Encadre III.2 L’Etat, le nouveau x-factor du développement
La crise économique et financière récente a mis en lumière l’important rôle de l’investissement public,
considéré comme un instrument anticyclique et aussi comme une fonction essentielle de l’État en tant
qu’investisseur en dernier ressort.
Par ailleurs, l’investissement public est extrêmement important pour la croissance à long terme et le
développement, notamment parce qu’il contribue à l’expansion des capacités productives, stimule la
demande globale et favorise l’allocation des ressources économiques.

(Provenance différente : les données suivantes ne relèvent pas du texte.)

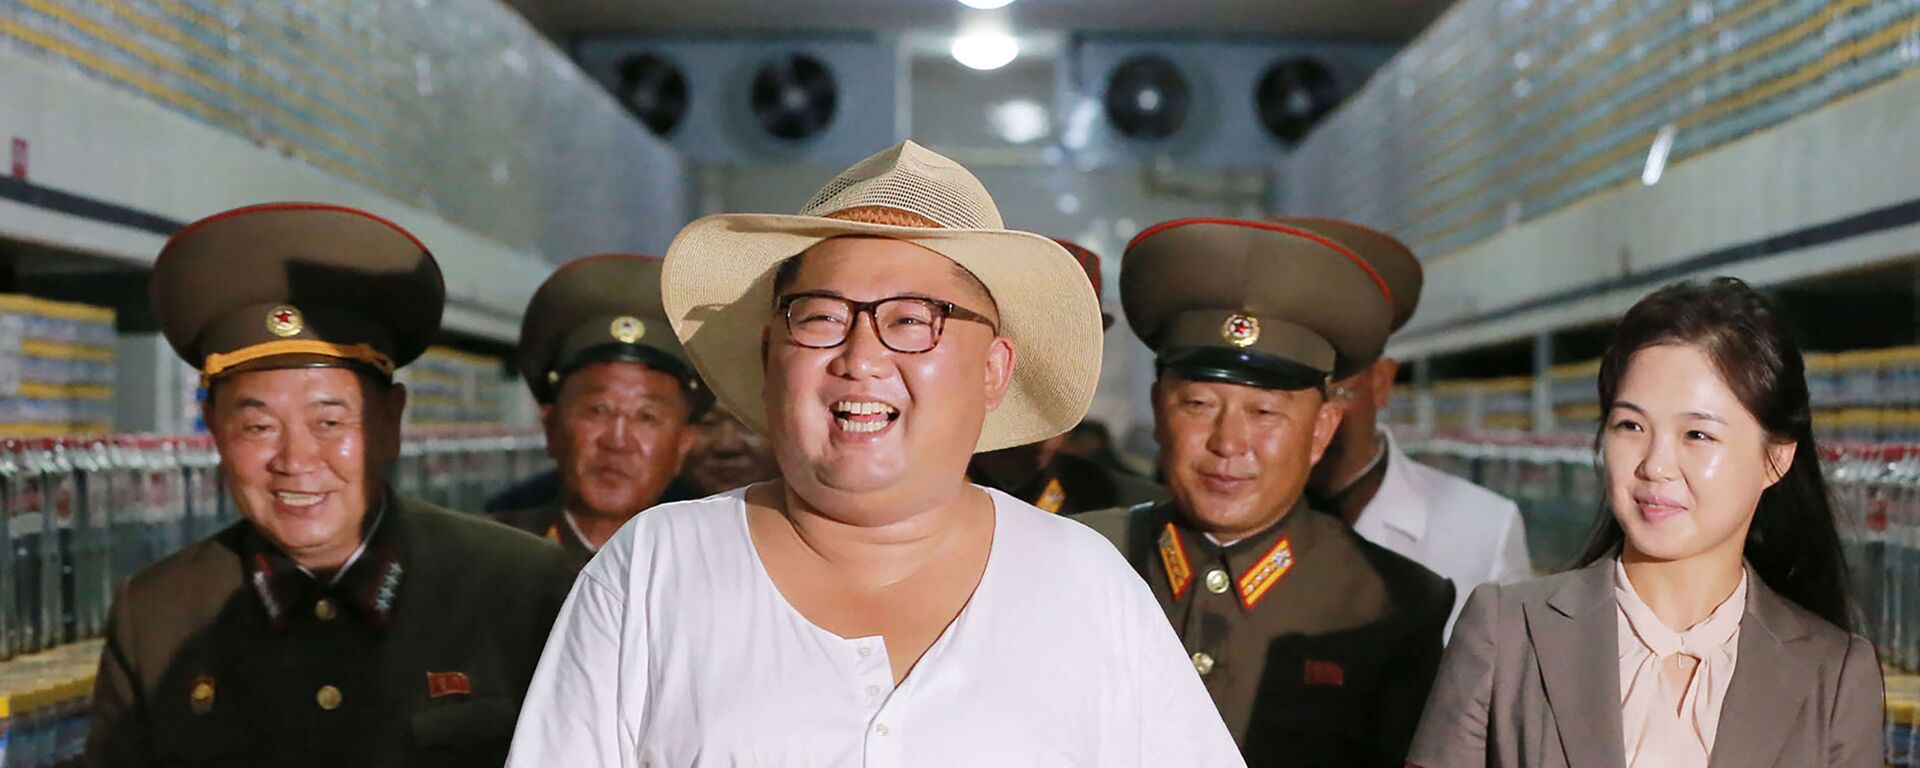 Chủ tịch Kim Jong-un kiểm tra nhà máy ở Kumsanpho, Bắc Triều Tiên - Sputnik Việt Nam, 1920, 16.09.2021

Les investissements dans l’agriculture, les infrastructures et dans les activités liées aux changements
climatiques sont autant d’opportunité d’interaction bénéfique entre investissement étranger et
investissement intérieur, et entre investissement public et investissement privé.
Source : www.unctad.org
V- Conclusion
16. La Cote d’Ivoire regorge d’énormes potentiels qui, s’ils sont concrétisés, devraient la propulser au rang des
économies émergentes, comme l’ambitionnent légitimement les autorités. Le pays porté actuellement par
une dynamique positive devrait atteindre, sauf cataclysme, le point d’achèvement de l’initiative PPTE au
plus tard fin juin 2012. Pour autant tout n’est pas gagné. Nombreux sont les progrès qu’il lui faut encore
enregistrer pour se positionner durablement sur une courbe de croissance forte et régulière.
17. Mais la grande chance de la Cote d’Ivoire, pour relever ce challenge, réside dans la qualité indéniable de
ses ressources humaines. Et parce qu’elle dispose, en plus des ressources naturelles, de compétences et
expertises réelles dans tous les domaines, la Cote d’Ivoire ne peut pas échouer dans la reconstruction
économique ; la réconciliation nationale ; la construction de son développement…

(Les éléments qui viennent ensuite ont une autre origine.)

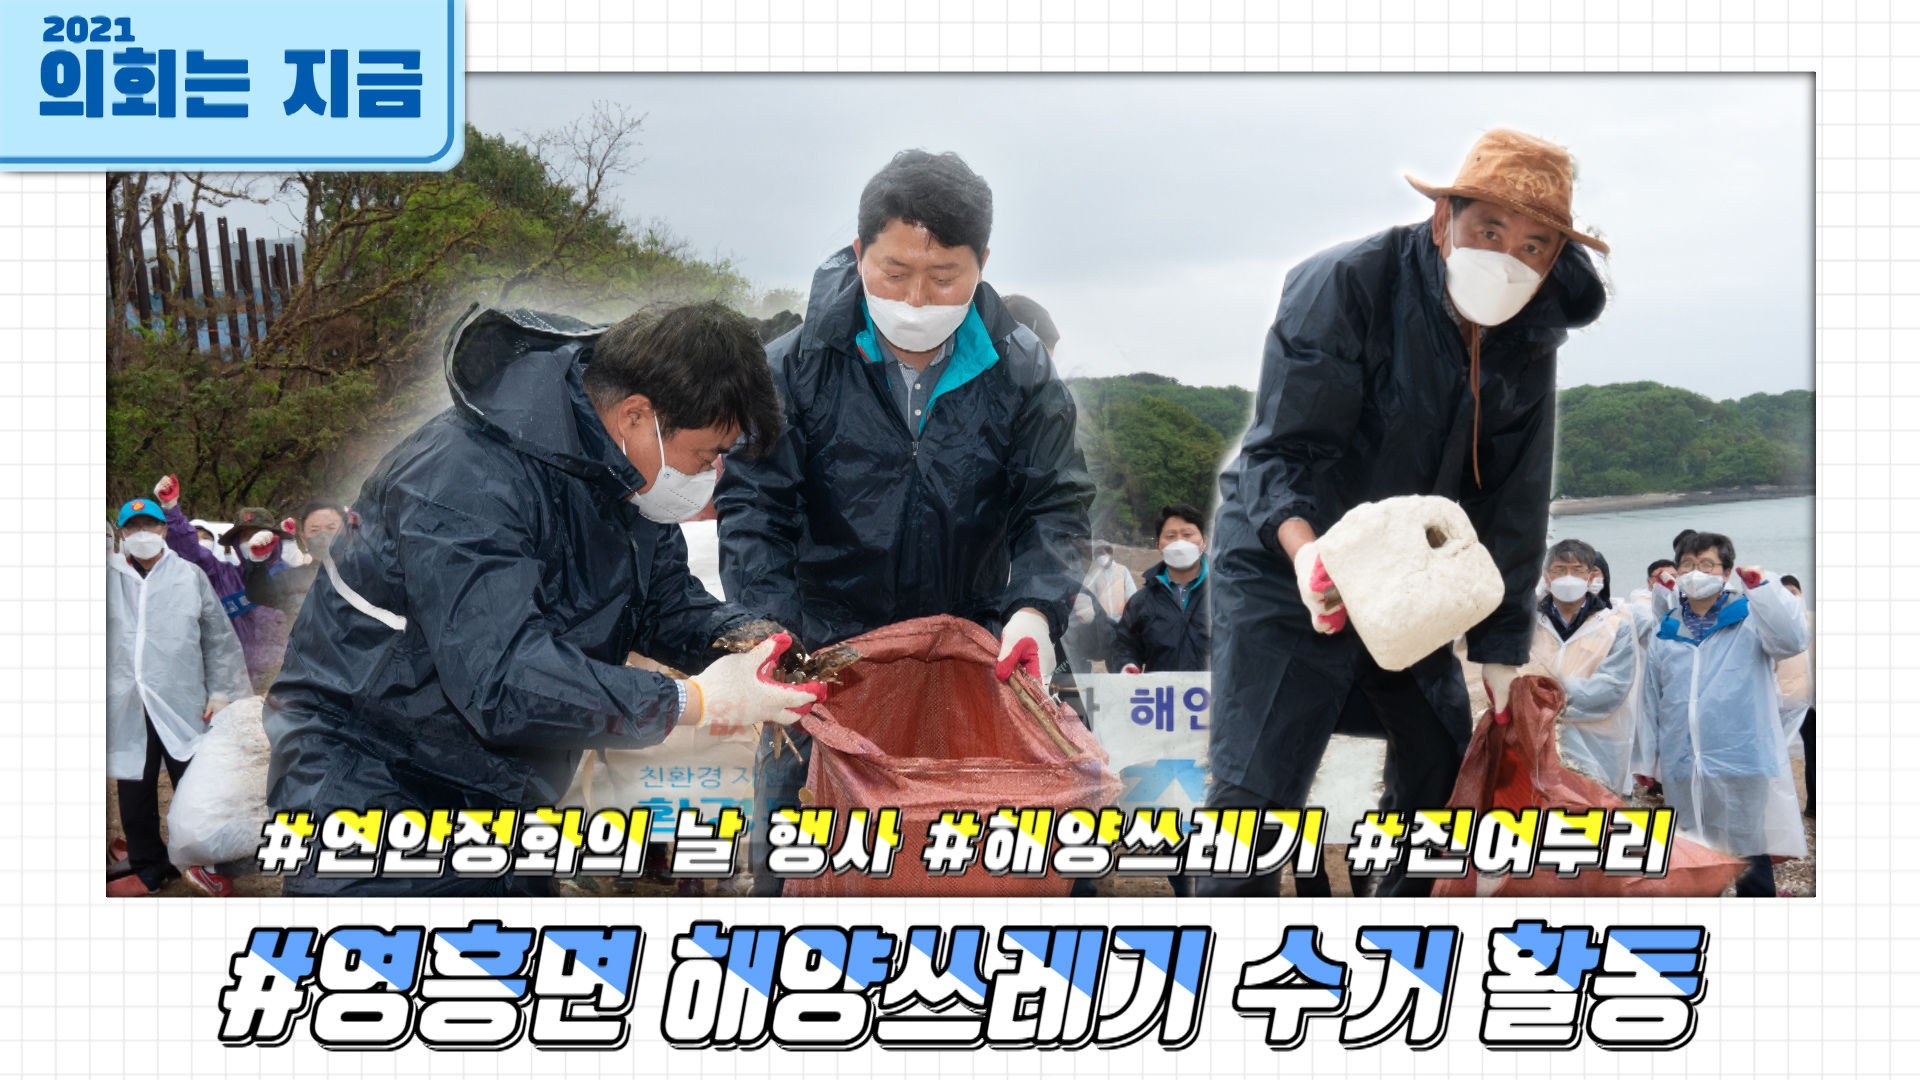 영흥면 해양쓰레기 수거 활동 사진

18. La responsabilité des citoyens est aussi importante que celle des gouvernants dans la réussite du pays à
faire a nouveau rêver, comme du temps du « miracle ivoirien ». Il leur revient donc de créer les
circonstances devant conduire les autorités publiques à rendre compte. Il y a nécessité de mettre en place
des systèmes de "check and balances".